THE PROBLEM: Transcribe the whole listing exactly; the images stay out.

[[ DATA SHOWN, beginning ]]

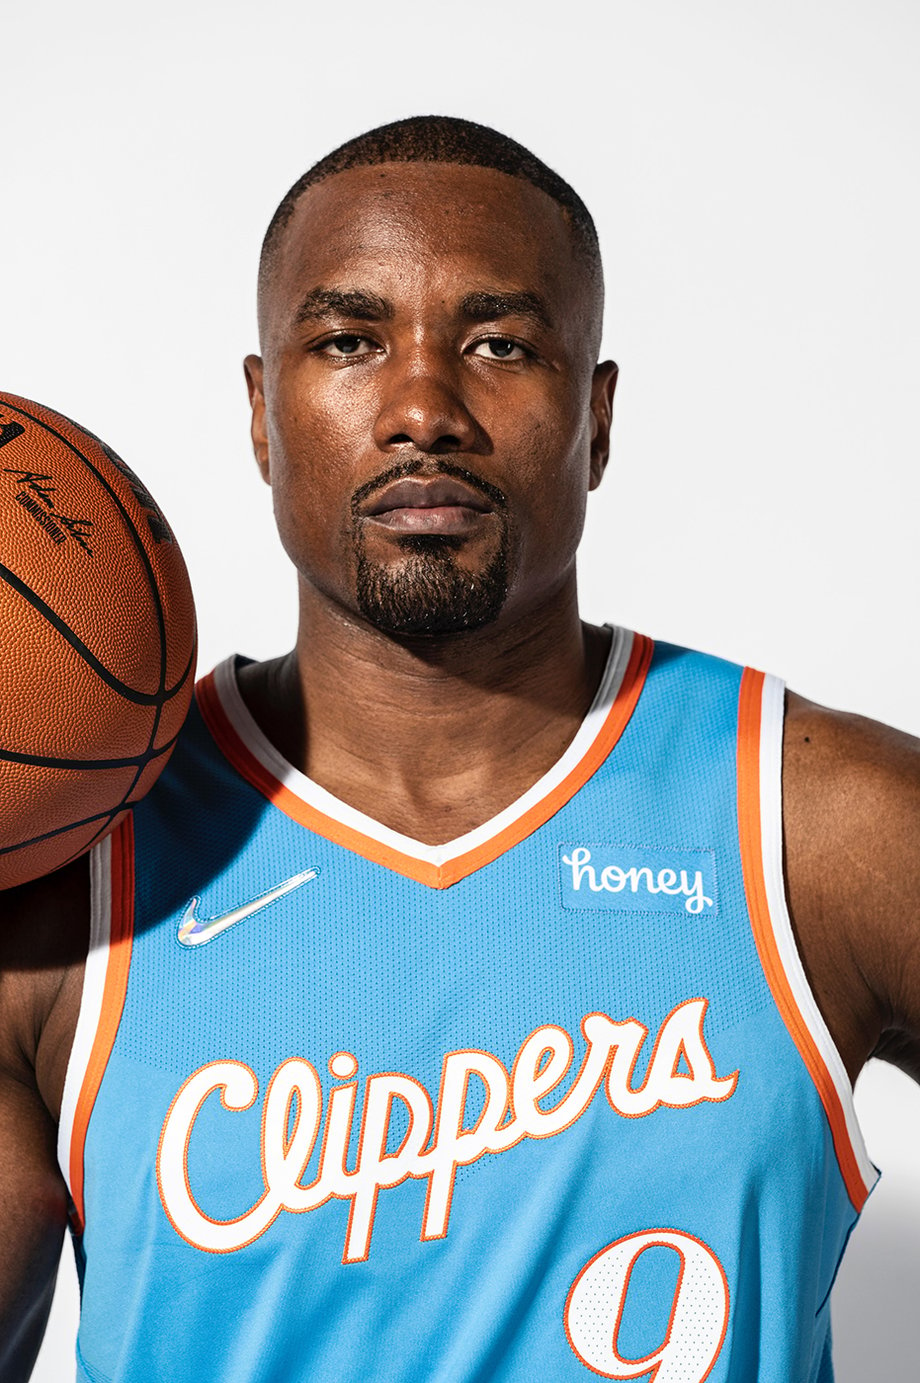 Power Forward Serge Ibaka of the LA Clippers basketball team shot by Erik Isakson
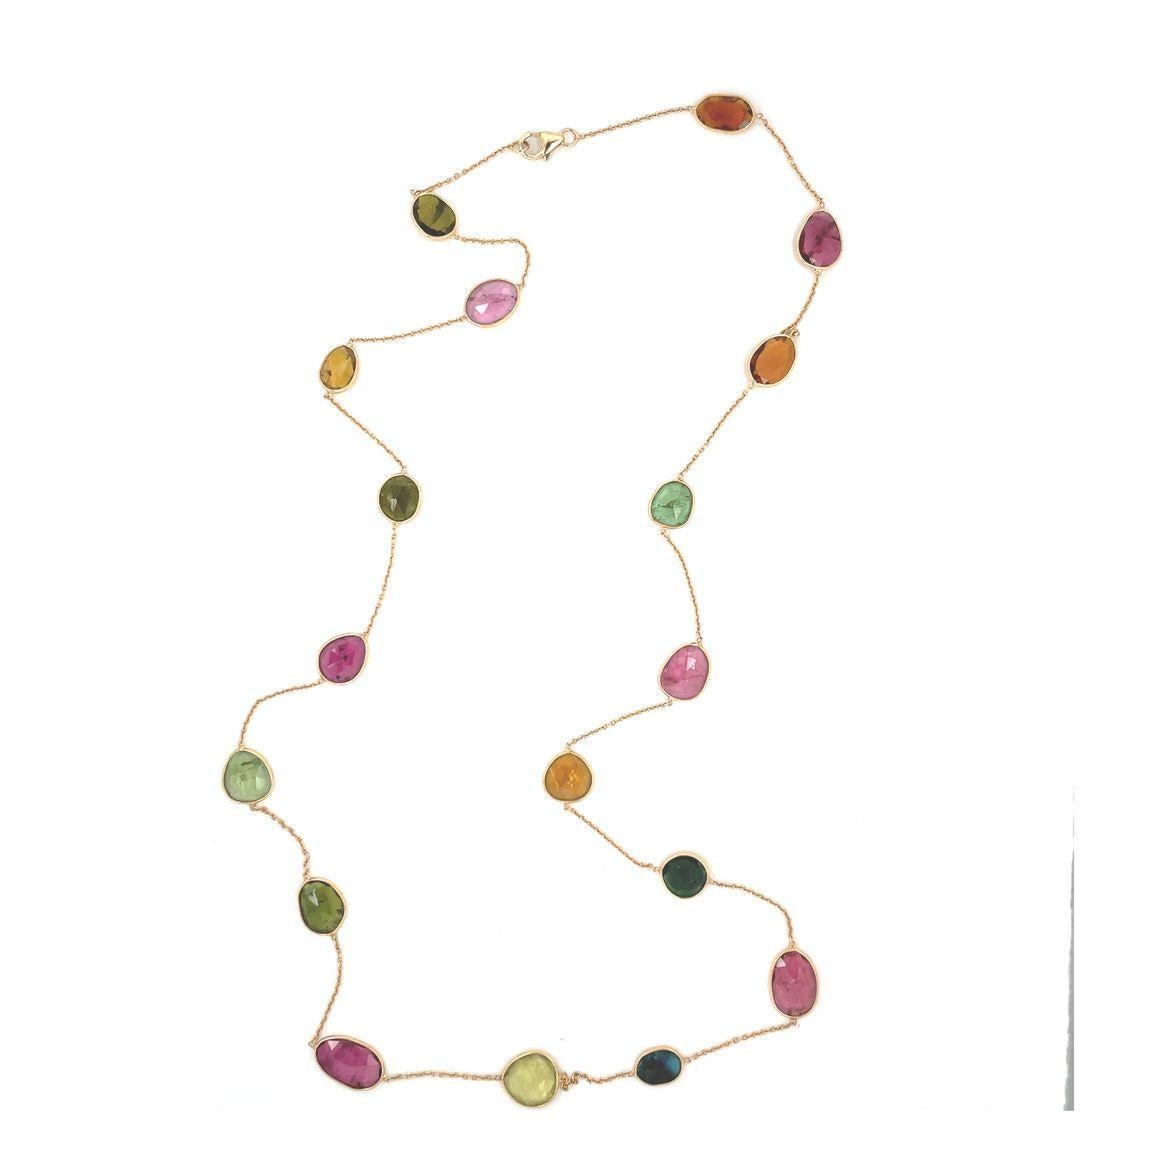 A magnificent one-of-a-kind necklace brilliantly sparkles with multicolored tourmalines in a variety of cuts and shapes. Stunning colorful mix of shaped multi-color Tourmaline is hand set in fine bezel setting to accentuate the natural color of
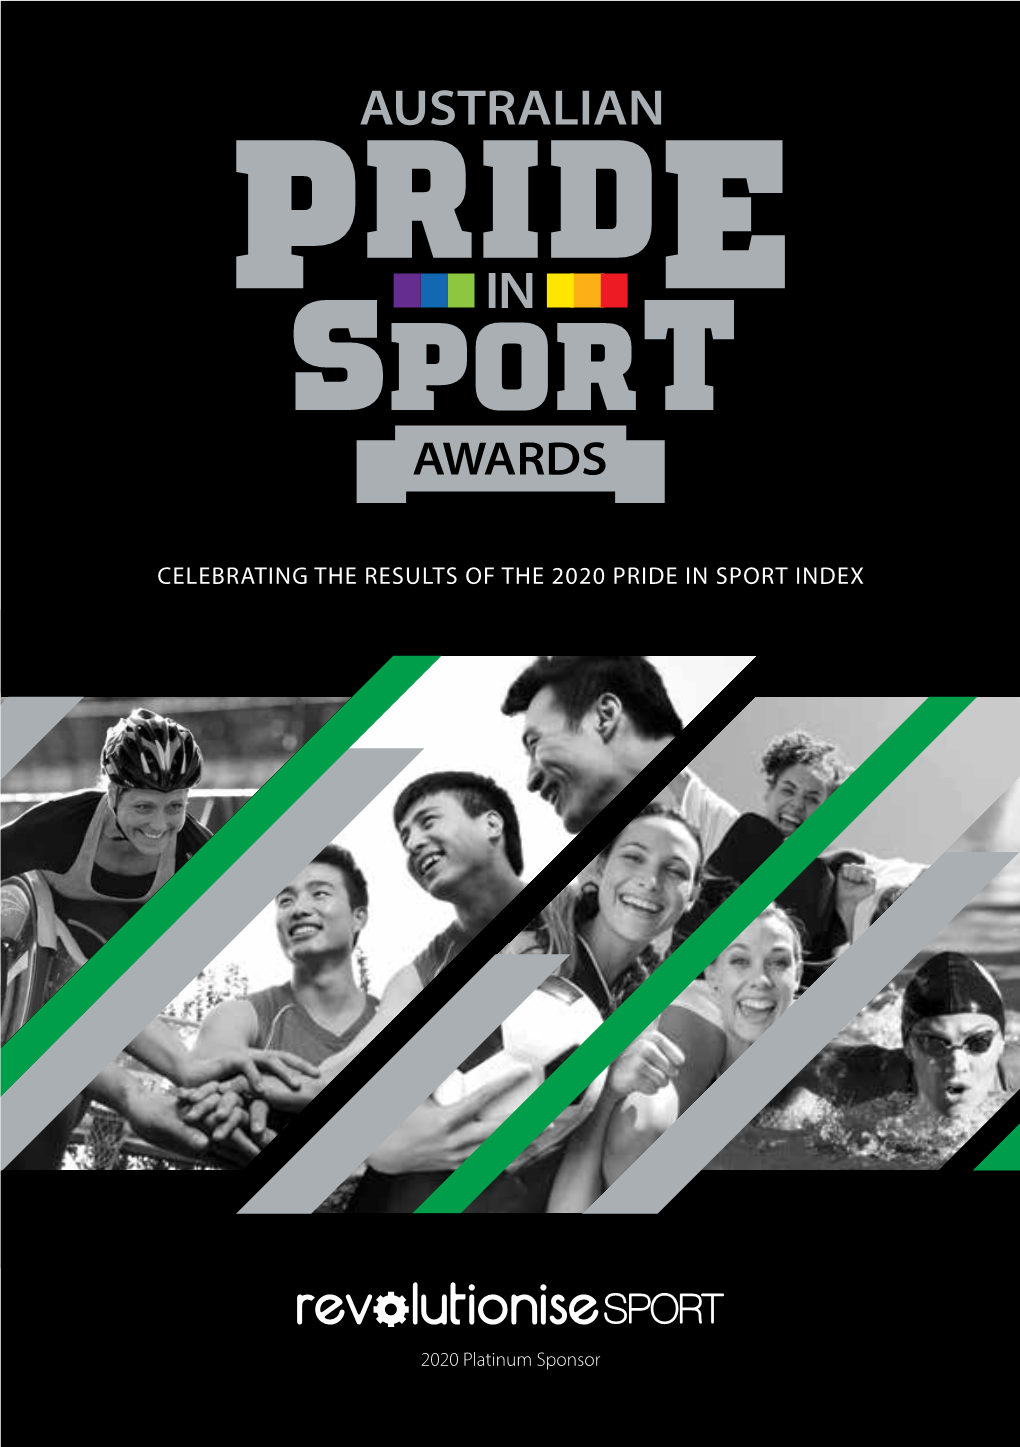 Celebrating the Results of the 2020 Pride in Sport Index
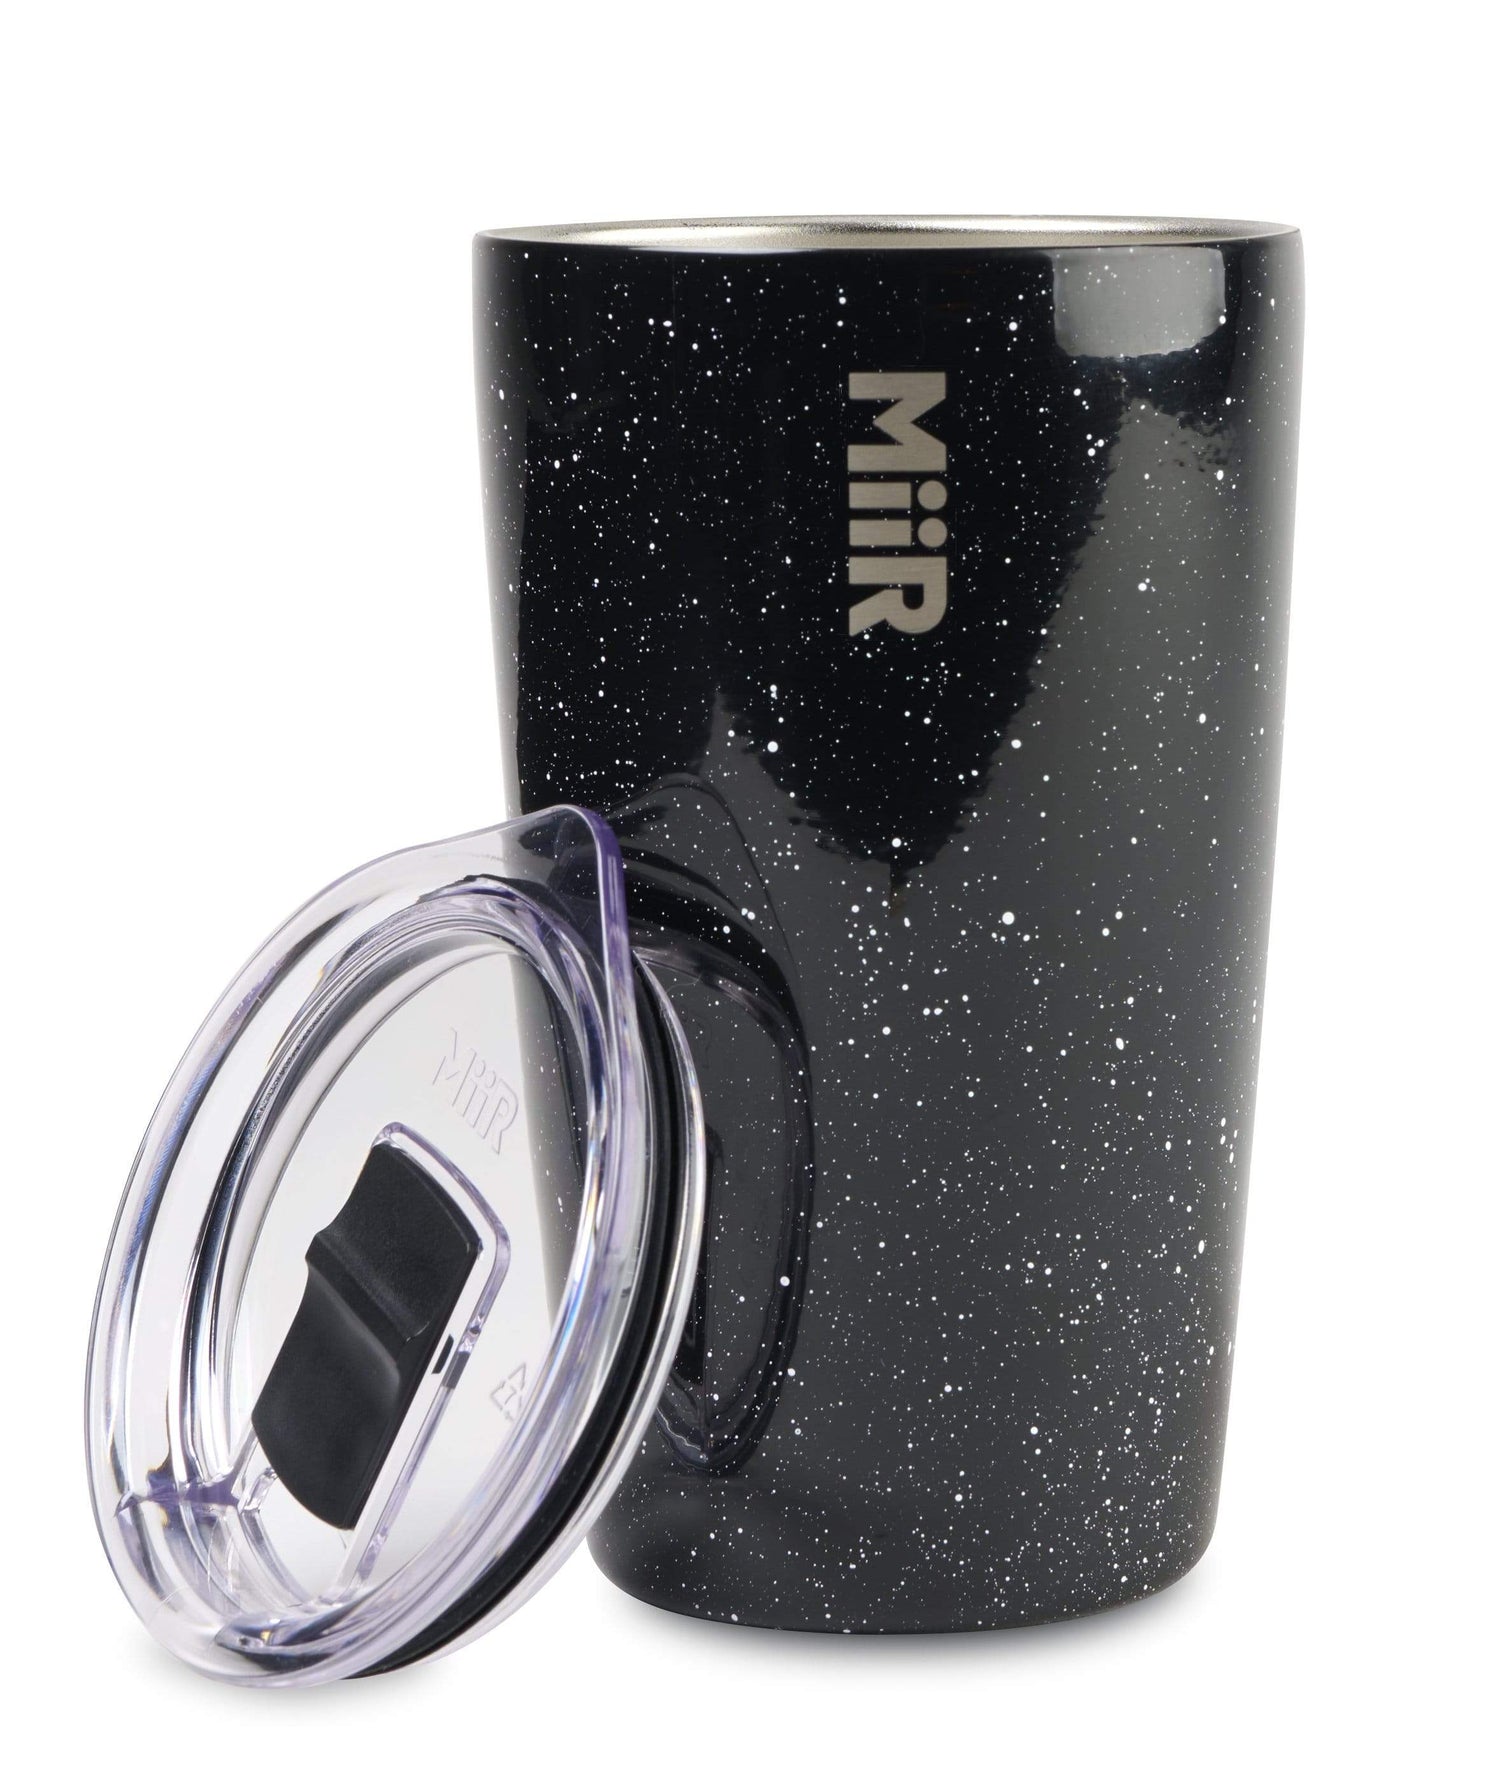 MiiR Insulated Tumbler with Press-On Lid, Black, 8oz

[[ DATA SHOWN, end ]]

ANSWER SECTION:
 Power Forward Serge Ibaka of the LA Clippers basketball team shot by Erik Isakson
 A magnificent one-of-a-kind necklace brilliantly sparkles with multicolored tourmalines in a variety of cuts and shapes. Stunning colorful mix of shaped multi-color Tourmaline is hand set in fine bezel setting to accentuate the natural color of
 Celebrating the Results of the 2020 Pride in Sport Index
 MiiR Insulated Tumbler with Press-On Lid, Black, 8oz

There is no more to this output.